Will you output all of the data below exactly, omitting the images?

▶ [Data below]:
==*==

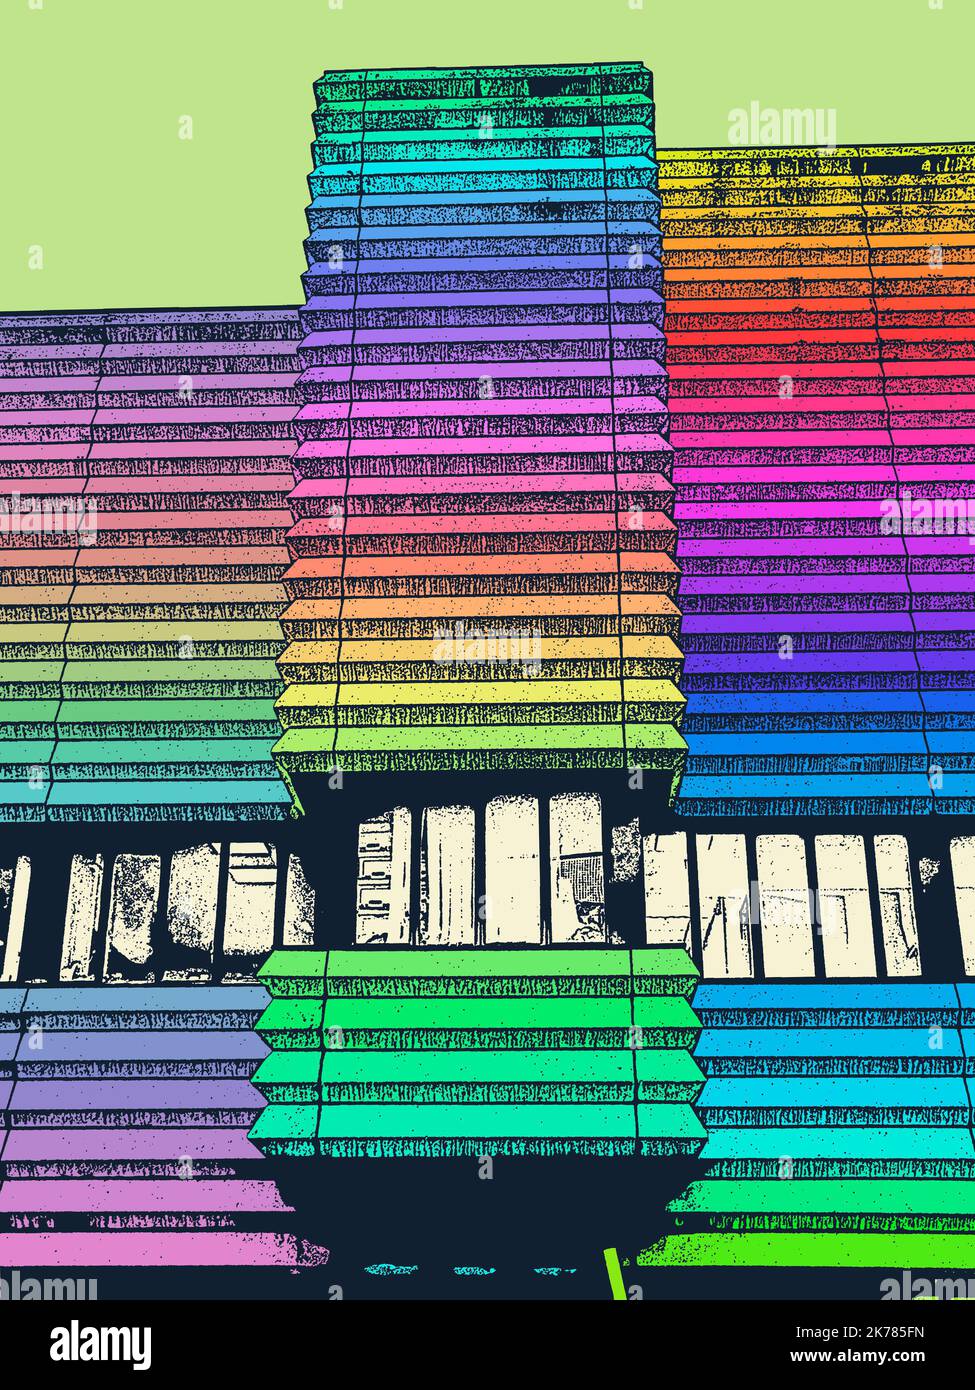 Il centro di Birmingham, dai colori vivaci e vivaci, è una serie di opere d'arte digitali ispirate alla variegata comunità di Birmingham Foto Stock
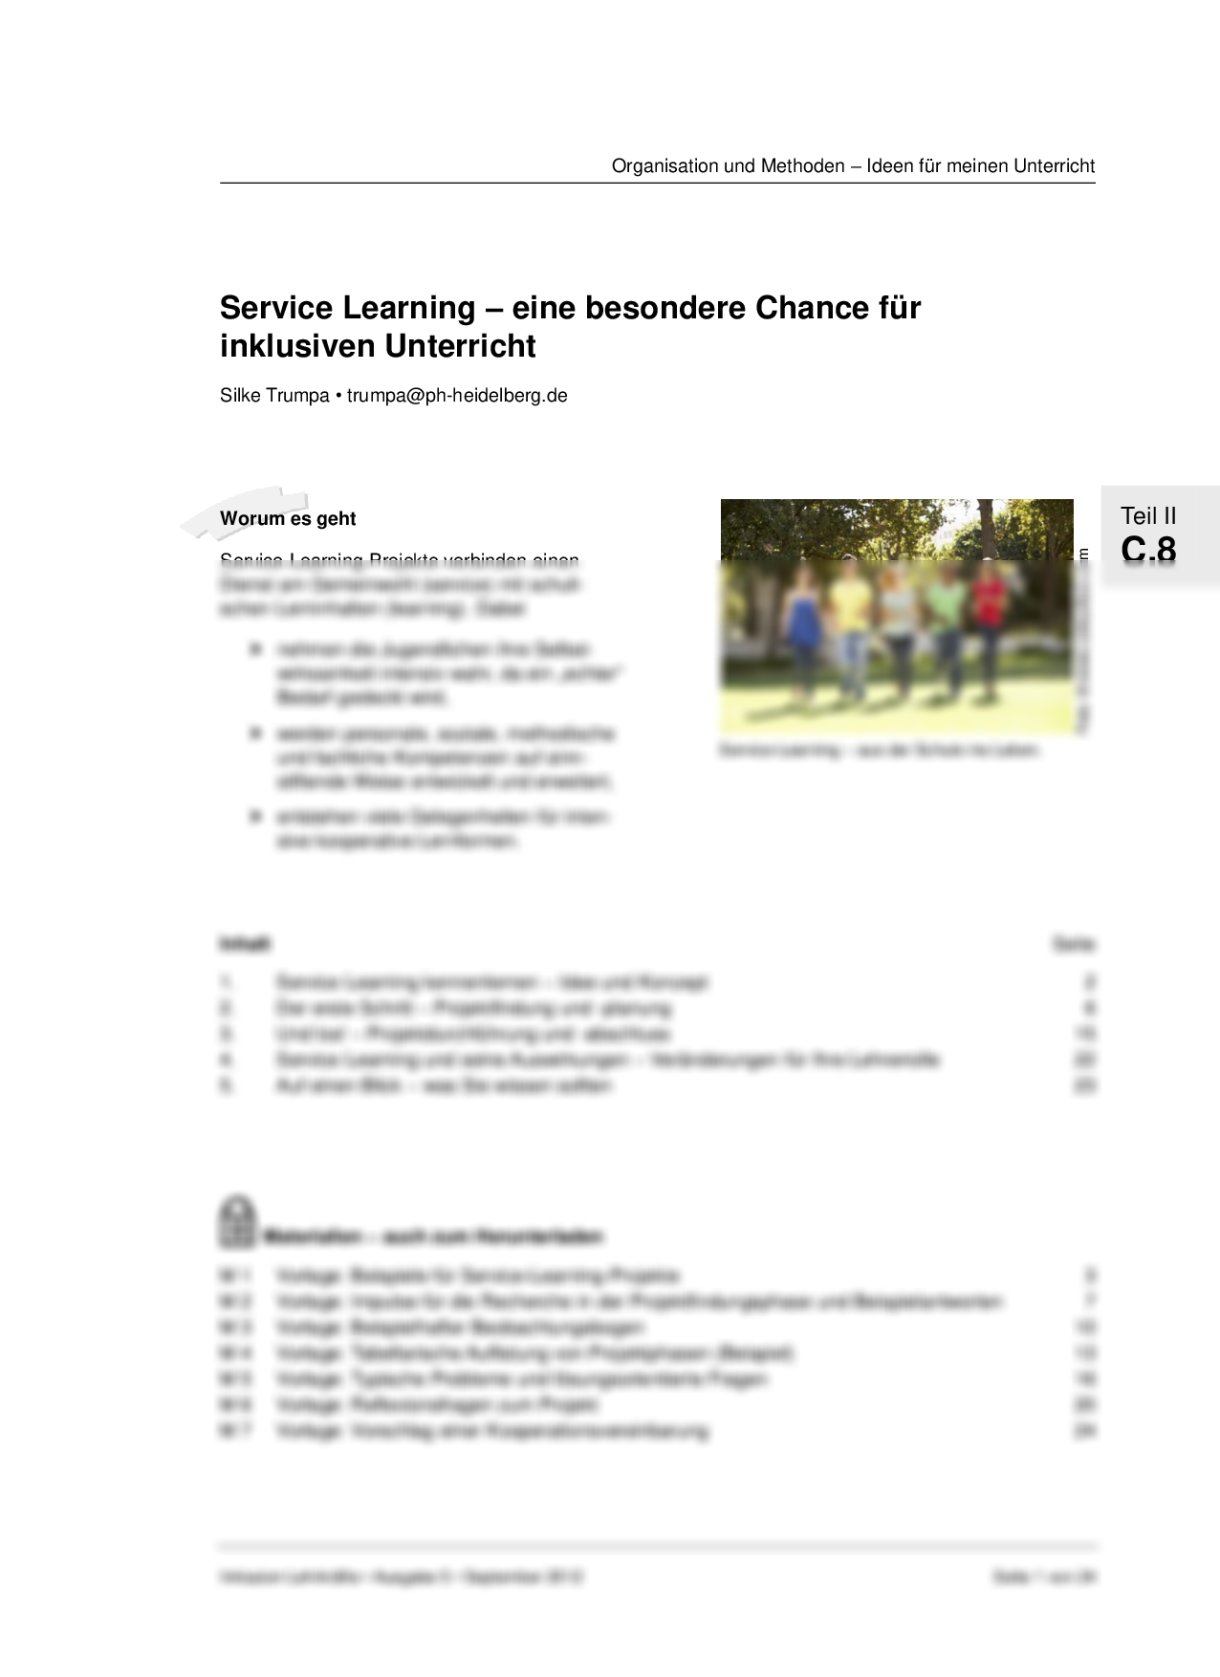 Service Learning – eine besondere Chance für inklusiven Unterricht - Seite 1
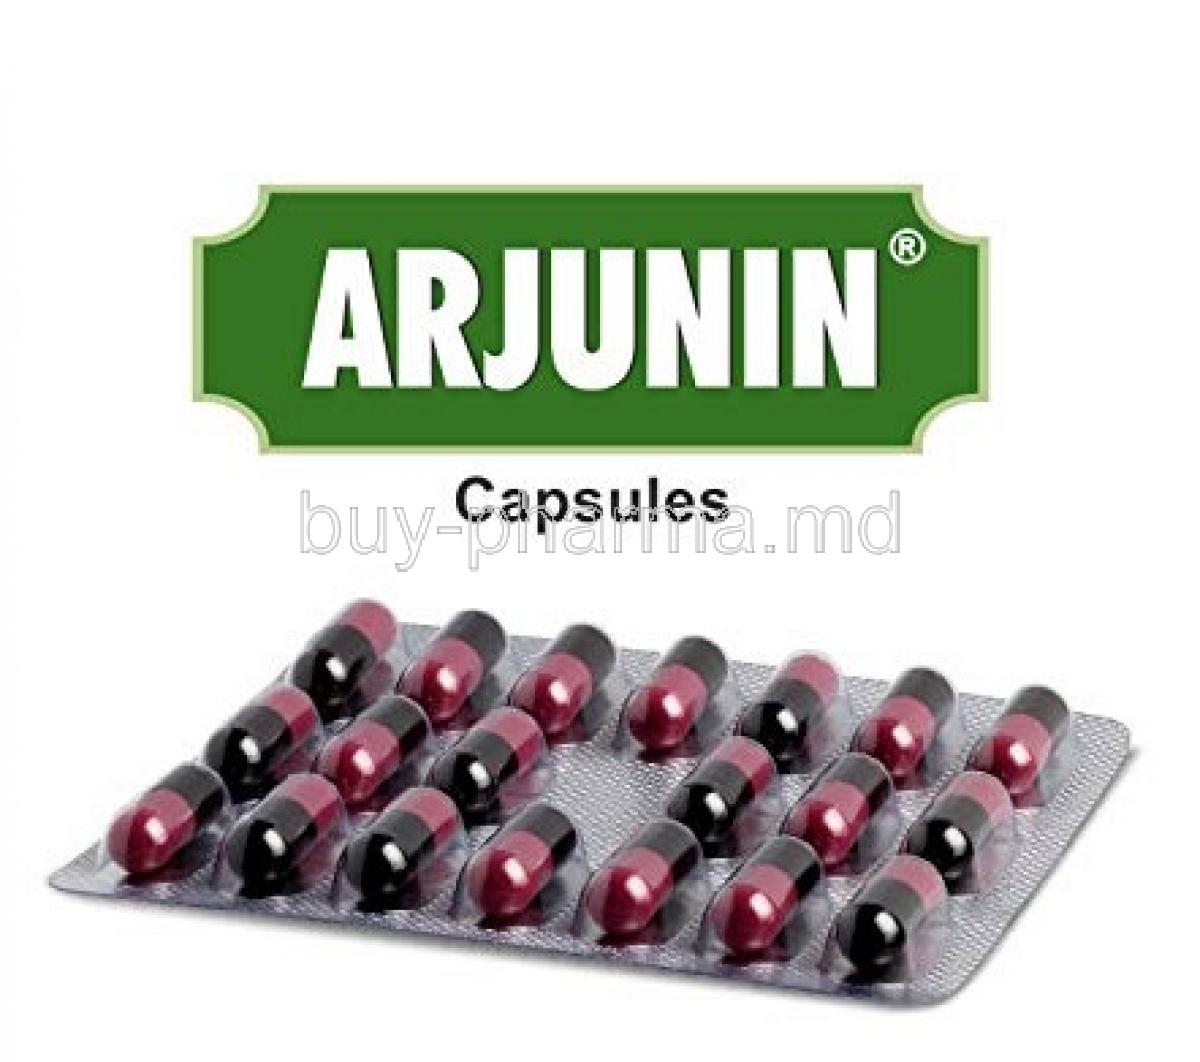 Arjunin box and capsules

==*==

▶ [Written solution]:
 Il centro di Birmingham, dai colori vivaci e vivaci, è una serie di opere d'arte digitali ispirate alla variegata comunità di Birmingham Foto Stock
 Service Learning – eine besondere Chance für inklusiven Unterricht - Seite 1
 Arjunin box and capsules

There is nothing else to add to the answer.